A correspondent is a meteorologist, a processor of the crowds from which he has to extract a dynamic and, from that dynamic, a projection, which is more guidance than prediction. Enric Juliana (Badalona, ??1957) likes to see himself as a cartographer, although his thing has never been to draw maps, but to paint on them the isobars of convulsion and calm. Of the noise and the calm. This physical and human cartography brings together the deputy director and delegate of La Vanguardia in Madrid in Spain: the pact and the fury (Arpa Editores), presented this Monday in the capital under the auspices of two other journalists who know him well: Jordi Juan, director of La Vanguardia and Juliana’s companion “for thirty years”, as he himself stressed, and Pepa Bueno, director of El País, with whom the author has shared hours and debates in Hoy por hoy and Hora 25 of the Cadena Ser. Before them, the main hall of Espacio Larra – the former Madrid headquarters of the weekly Nuevo Mundo and later of newspapers such as El Sol, Arriba, Marca or the Madrid newspaper – is packed to the brim with colleagues and authorities, headed by the minister. of the Presidency, Justice and Relations with the Courts, Félix Bolaños.

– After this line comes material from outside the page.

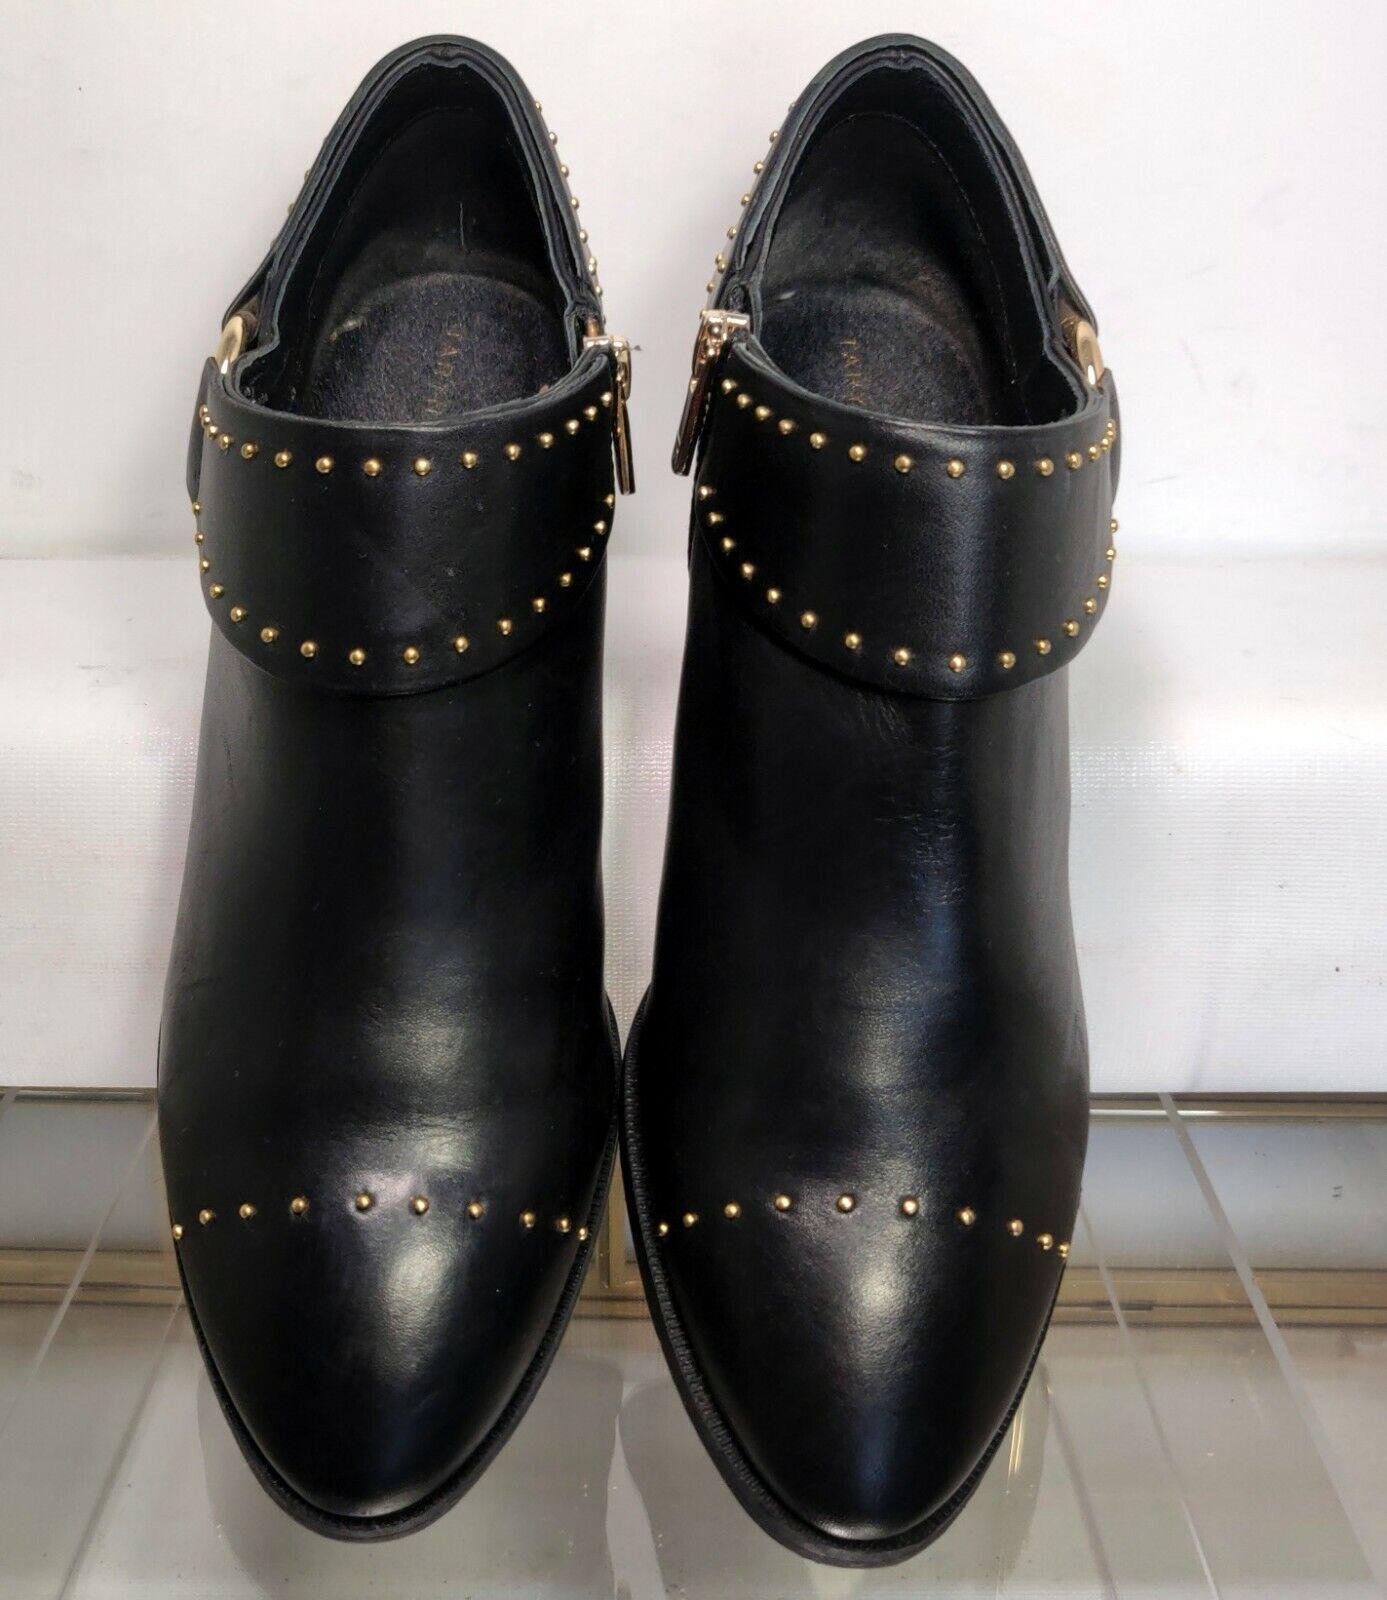 Taryn Rose Sage Black Leather Studded Booties Women US 8.5 Minimal Wear

In July, a sequel to Twister (1996), by Jan de Bont, is released, one of the best disaster films of all time – perhaps the most successful and fun, next to The Day After Tomorrow (2004), by Roland Emmerich – which narrates the adventures of some meteorologists led by Bill Harding (Bill Paxton) who try to introduce their analysis instruments inside a tornado to understand its dynamics and save lives, if possible, without losing their own. This is how the correspondent operates, and in the midst of a whirlwind Enric Juliana arrived in Madrid, 20 years ago in April, for the investiture session of José Luis Rodríguez Zapatero, when the country was trying to heal the wounds of the March 11 attacks and journalism. capital city debuted the use of five-column mendacity as a political weapon. That proximity that is actually the distance of the correspondent, as Jordi Juan highlighted, characterized by “respect and temperance” in writing and by “sagacity, intuition and reflection”, distinctive – he explained and Juliana confirmed – of the head of the Godó Group. “One is a firm,” said the author, “but it is in a professional framework, a framework that is also a historical tradition,” he stressed, alluding to the 143 years that La Vanguardia has just completed, all of them under the same ownership. It was one of the three thanks that the author made in the solemnity of a work that has the intention of closure or review. The other two were for her partner, also a journalist – “without her, I would end up getting lost because I have a certain tendency to fly” –, and for the city of Madrid. For this one, he carefully chose the formula: “I want to express my respects to the city of Madrid.” A whirlwind in which he needed guidance: “Two months after arriving I realized that I didn’t know anything,” and there the advice of veterans such as the journalist Mariano Guindal, the former delegate of the Generalitat, Santiago de Torres, Emiliano López, operated. -Achurra and Antonio Llardén, the latter being prominent energy industrialists.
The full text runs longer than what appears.